Are all Muslims terrorists or would-be terrorists? Of course not. But theirs is a religion with a disproportionate number of adherents who believe that when Islam is practiced faithfully it means non-Muslims must convert or die.

Like the Allies in the lead-up to the Second World War, there is a comprehensive failure on the part of Western leaders to understand the nature of this threat.

Why?

There are, I think, three main reasons, all of which are due to Christianity’s waning influence in the West:

The first is secularism. Secularism renders the West ill-equipped to understand an absolutist religious mindset like that of Islam. All conflicts are understood to be misunderstandings. People, it is assumed, act out of rational self-interest unless they are insane. This is because secularists, absent any theology, have no understanding of evil. Note the narrative after every terrorist attack — the perpetrators were, we are told, unhinged or reacting to Western oppression (thus it is our fault) rather than faithful followers of their religion. While the Ayatollah called for “death to America” during that country’s nuclear negotiations with the U.S., the Obama Administration dismissed his remarks as rhetoric “aimed at an Iranian domestic political audience.” Leftist politicians said the same thing of Mein Kampf. History has demonstrated all too painfully that Hitler meant every word of it.

The second is political correctness. In the headlong rush to embrace diversity for diversity’s sake, no longer can we say as a people: “We hold these truths to be self-evident.” Truth itself is deemed an abstract, fuzzy concept. Conflict, therefore, is avoided by acknowledging no truth, no culture as superior to another. But this is nonsense. Were Western values superior to those of Imperial Japan? Yes. And they are superior to those of North Korea and any Islamic state you care to name.

The third reason is the Left’s abiding hatred for Christianity. Christianity is all that stands between them and the fulfillment of their sordid domestic agenda, hence they waste no time attacking it and befriending Christianity’s global rival, Islam. They do so at their own peril. Don’t like the Christian position on homosexuality? Wait till you get a load of the Islamic view.
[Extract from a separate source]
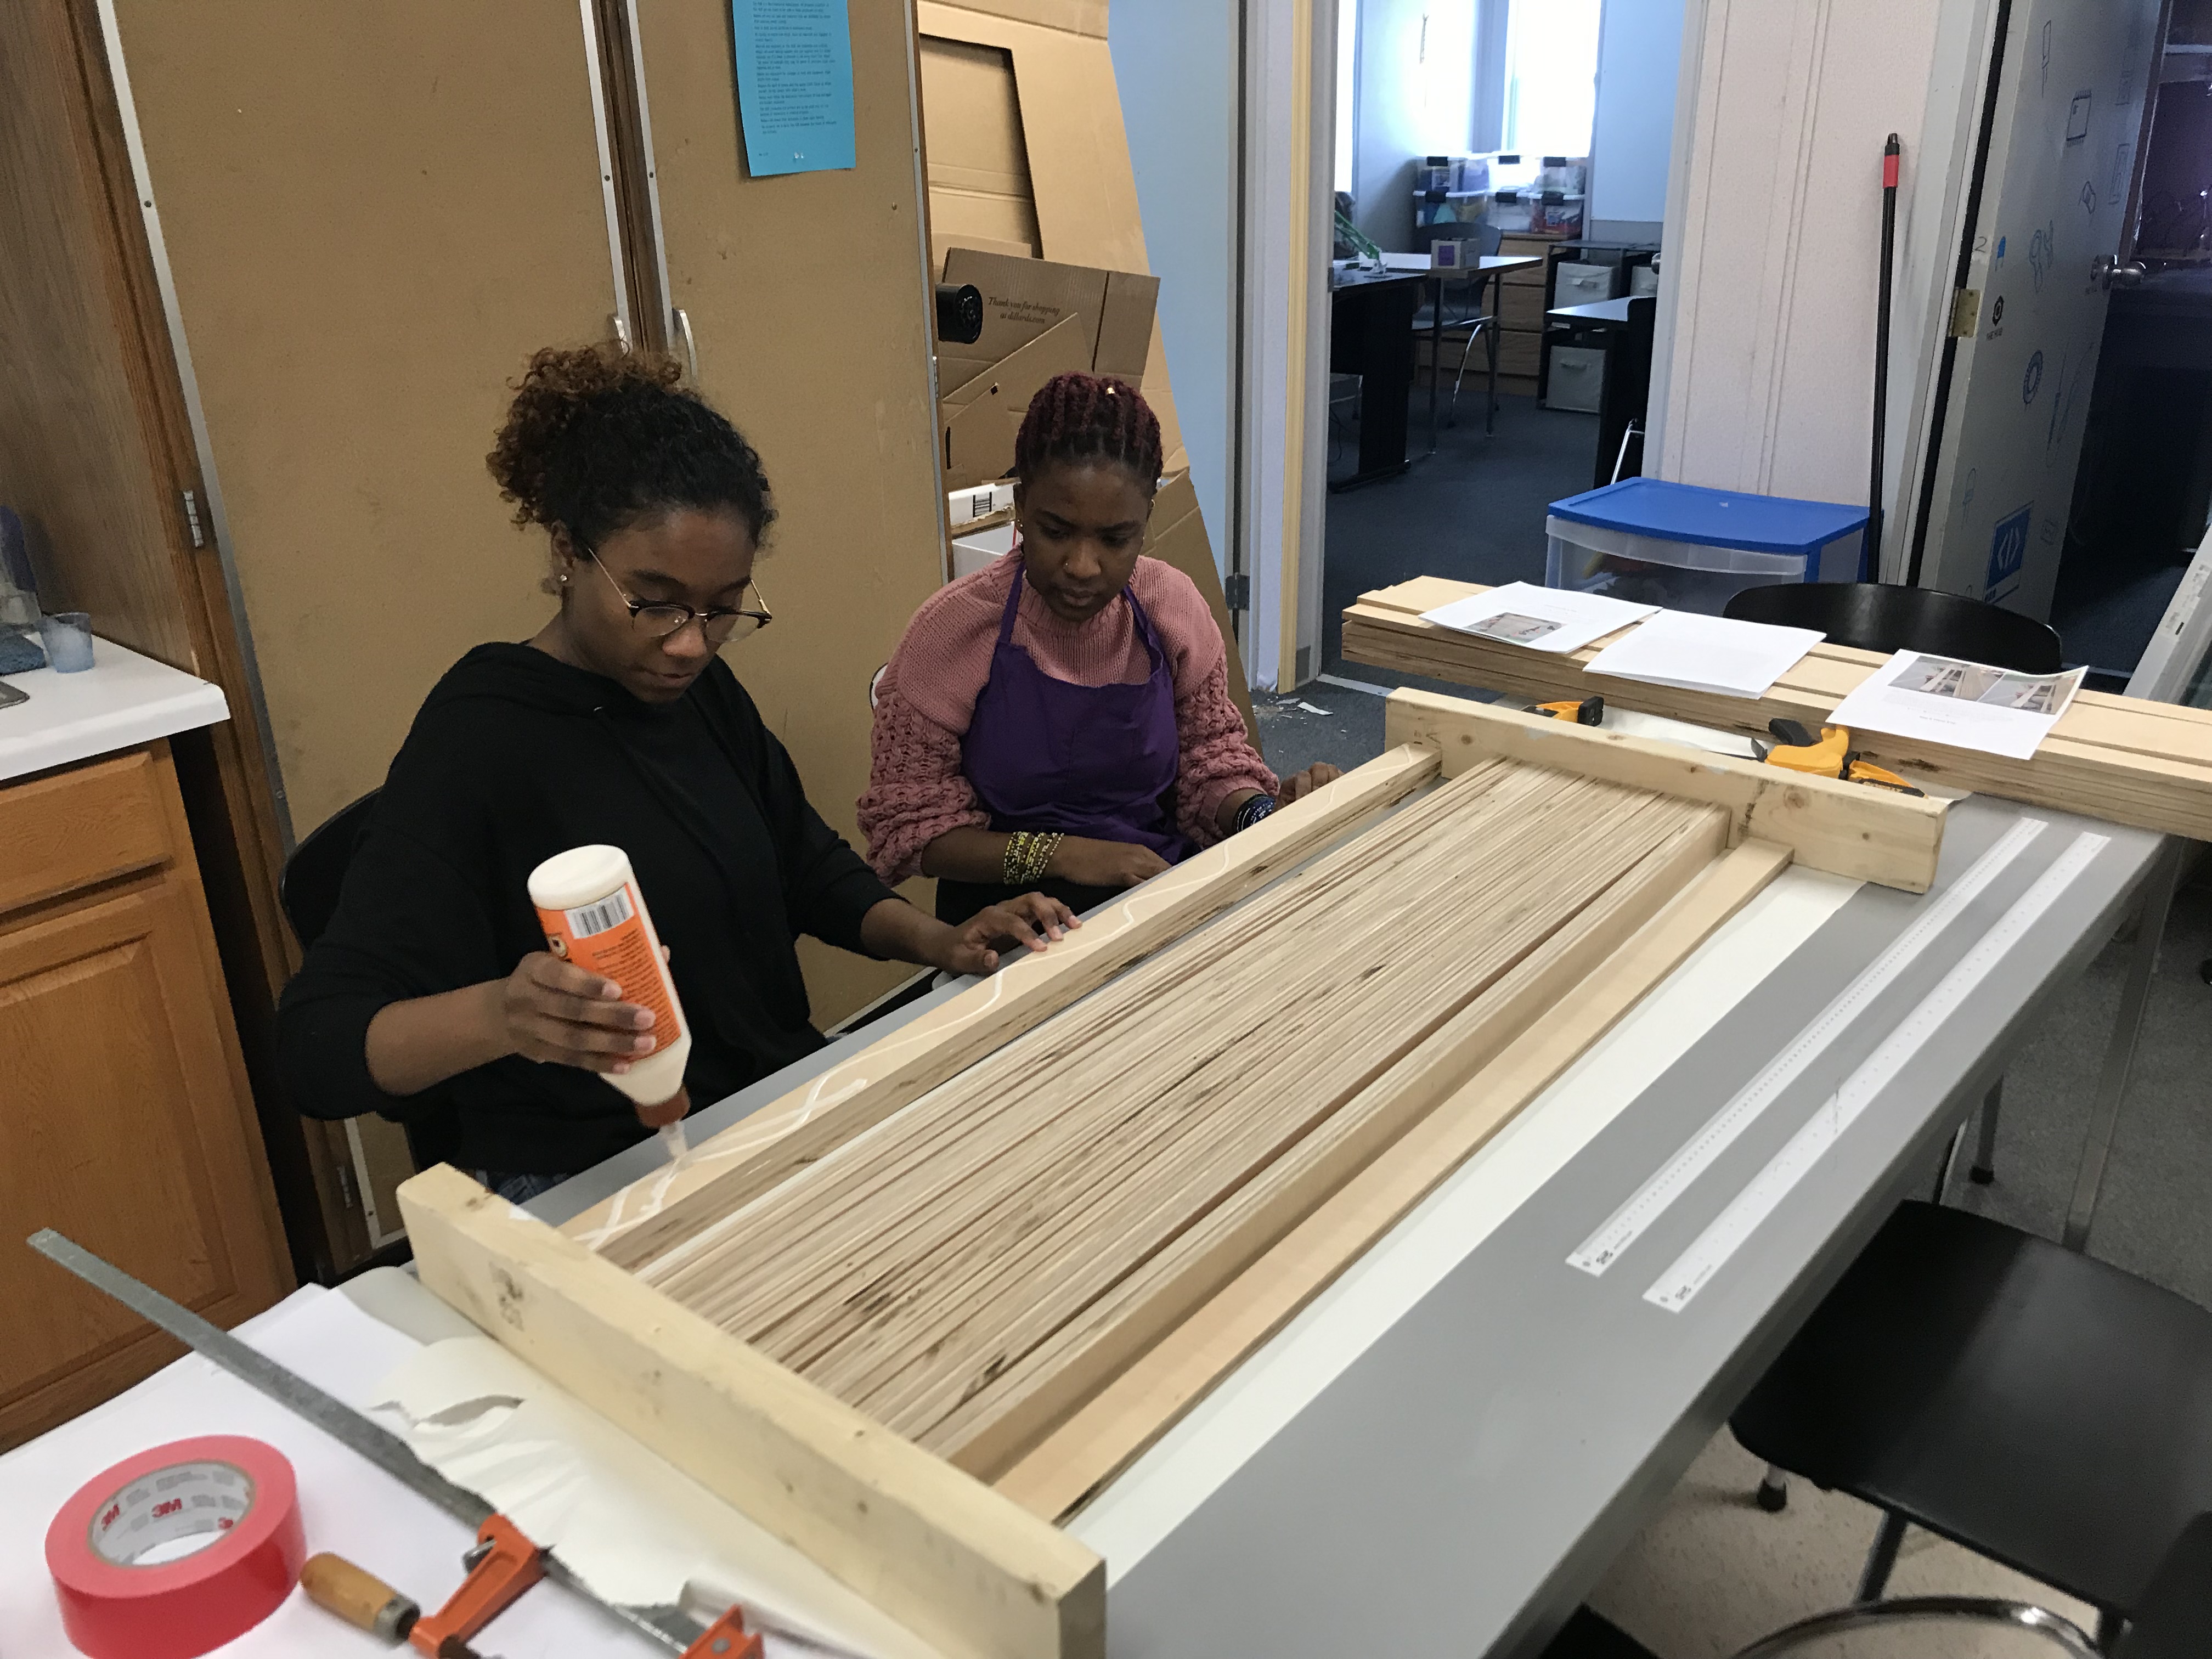 Skidmore College students working on a project at the IdeaLab Makerspace

Commenting on the Japanese surrender ceremony, Toshikazu Kase, Japan’s foreign minister and signer of the document, wrote this immediately following the surrender to the Emperor: “After all, we were not beaten on the battlefield by dint of superior arms alone. We were defeated in a spiritual contest by virtue of a nobler idea.”

Whether we want to acknowledge it or not, a storm gathers on the eastern horizon. We are engaged in a spiritual contest, a global war, and Christianity is unquestionably the nobler idea.